### EXERCISE DETAILS:
From the line containing "2. JACK POINTS" down to the final entry below, restate each line word for word.
── MATERIAL SUPPLIED
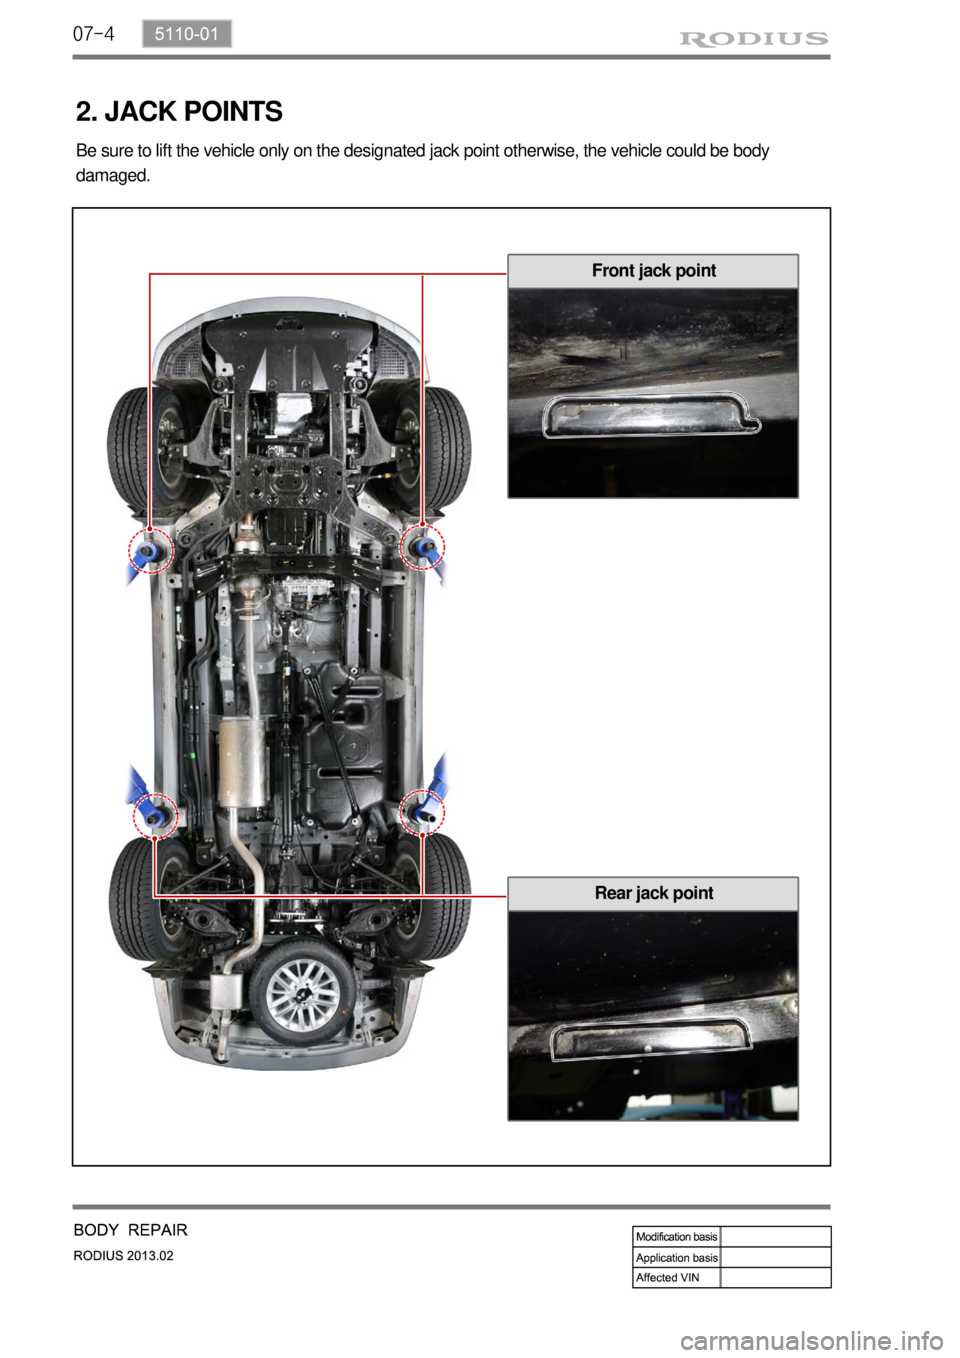 SSANGYONG TURISMO 2013  Service Manual 07-4
2. JACK POINTS
Be sure to lift the vehicle only on the designated jack point otherwise, the vehicle could be body 
damaged.
Front jack point
Rear jack point
────
### ANSWER SPACE:
2. JACK POINTS
Be sure to lift the vehicle only on the designated jack point otherwise, the vehicle could be body 
damaged.
Front jack point
Rear jack point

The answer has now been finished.